## Your instructions
The answer must be every line of the records in which the string "Design" appears.

====== Data for this task

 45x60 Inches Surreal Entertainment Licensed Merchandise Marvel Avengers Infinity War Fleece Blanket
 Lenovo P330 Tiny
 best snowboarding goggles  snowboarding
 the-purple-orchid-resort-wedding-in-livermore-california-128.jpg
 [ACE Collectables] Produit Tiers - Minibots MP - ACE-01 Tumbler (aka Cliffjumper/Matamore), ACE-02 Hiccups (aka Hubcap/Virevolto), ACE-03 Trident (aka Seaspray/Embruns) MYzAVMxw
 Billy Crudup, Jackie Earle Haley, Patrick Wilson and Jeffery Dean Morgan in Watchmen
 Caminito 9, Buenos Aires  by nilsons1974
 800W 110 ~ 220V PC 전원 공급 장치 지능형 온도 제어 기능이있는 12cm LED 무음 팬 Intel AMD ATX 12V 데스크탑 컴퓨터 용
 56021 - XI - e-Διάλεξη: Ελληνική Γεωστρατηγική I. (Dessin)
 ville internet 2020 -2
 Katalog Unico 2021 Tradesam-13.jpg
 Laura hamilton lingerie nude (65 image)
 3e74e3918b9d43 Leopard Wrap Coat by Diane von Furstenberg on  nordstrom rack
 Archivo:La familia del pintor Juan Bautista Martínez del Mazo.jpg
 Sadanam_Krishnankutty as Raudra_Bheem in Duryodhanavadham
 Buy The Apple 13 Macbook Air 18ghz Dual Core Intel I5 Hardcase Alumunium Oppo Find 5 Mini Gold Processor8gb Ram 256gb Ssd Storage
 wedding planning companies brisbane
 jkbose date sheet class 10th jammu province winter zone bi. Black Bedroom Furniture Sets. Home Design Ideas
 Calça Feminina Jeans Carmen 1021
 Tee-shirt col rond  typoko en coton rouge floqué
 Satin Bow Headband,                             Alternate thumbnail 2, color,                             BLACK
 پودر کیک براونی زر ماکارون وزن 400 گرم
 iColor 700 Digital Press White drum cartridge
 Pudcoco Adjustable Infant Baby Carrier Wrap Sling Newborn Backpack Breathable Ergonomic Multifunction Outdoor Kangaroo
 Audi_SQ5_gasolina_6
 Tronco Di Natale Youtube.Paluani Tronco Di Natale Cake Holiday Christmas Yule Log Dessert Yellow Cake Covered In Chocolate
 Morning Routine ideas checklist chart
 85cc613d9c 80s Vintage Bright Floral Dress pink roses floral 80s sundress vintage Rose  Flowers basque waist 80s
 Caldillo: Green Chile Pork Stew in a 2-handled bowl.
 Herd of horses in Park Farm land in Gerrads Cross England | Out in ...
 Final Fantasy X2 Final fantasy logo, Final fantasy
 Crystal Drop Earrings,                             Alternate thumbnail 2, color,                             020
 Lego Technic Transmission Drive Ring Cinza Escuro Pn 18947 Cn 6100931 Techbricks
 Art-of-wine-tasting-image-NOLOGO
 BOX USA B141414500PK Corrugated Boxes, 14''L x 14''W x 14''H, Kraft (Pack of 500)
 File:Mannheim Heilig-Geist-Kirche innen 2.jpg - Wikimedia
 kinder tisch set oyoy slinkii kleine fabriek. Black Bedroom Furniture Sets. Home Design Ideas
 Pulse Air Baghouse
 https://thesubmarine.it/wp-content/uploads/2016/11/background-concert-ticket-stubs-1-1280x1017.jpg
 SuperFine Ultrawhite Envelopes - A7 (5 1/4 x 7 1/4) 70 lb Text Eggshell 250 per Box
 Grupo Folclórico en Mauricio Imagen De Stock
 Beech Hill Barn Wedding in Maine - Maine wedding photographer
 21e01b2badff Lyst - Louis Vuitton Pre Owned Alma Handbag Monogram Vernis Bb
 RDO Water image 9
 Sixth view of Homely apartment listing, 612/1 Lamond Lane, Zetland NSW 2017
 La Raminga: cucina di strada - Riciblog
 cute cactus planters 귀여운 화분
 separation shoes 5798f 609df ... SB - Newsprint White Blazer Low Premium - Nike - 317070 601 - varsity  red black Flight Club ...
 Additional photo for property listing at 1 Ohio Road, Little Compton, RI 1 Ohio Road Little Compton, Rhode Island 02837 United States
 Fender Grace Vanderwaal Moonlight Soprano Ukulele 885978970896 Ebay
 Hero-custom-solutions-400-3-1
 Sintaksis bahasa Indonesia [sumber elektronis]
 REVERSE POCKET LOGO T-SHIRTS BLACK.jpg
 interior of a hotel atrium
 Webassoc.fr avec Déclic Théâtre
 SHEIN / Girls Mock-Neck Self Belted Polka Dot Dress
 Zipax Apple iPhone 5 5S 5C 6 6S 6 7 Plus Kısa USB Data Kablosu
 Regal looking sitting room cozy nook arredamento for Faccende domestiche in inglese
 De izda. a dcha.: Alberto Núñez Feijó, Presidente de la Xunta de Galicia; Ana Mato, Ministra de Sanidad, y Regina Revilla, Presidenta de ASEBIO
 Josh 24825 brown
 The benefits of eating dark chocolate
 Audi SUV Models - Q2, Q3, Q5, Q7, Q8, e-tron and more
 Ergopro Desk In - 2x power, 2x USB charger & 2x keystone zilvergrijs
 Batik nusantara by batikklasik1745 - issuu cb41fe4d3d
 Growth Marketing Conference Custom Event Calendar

============

## The answer
 jkbose date sheet class 10th jammu province winter zone bi. Black Bedroom Furniture Sets. Home Design Ideas
 kinder tisch set oyoy slinkii kleine fabriek. Black Bedroom Furniture Sets. Home Design Ideas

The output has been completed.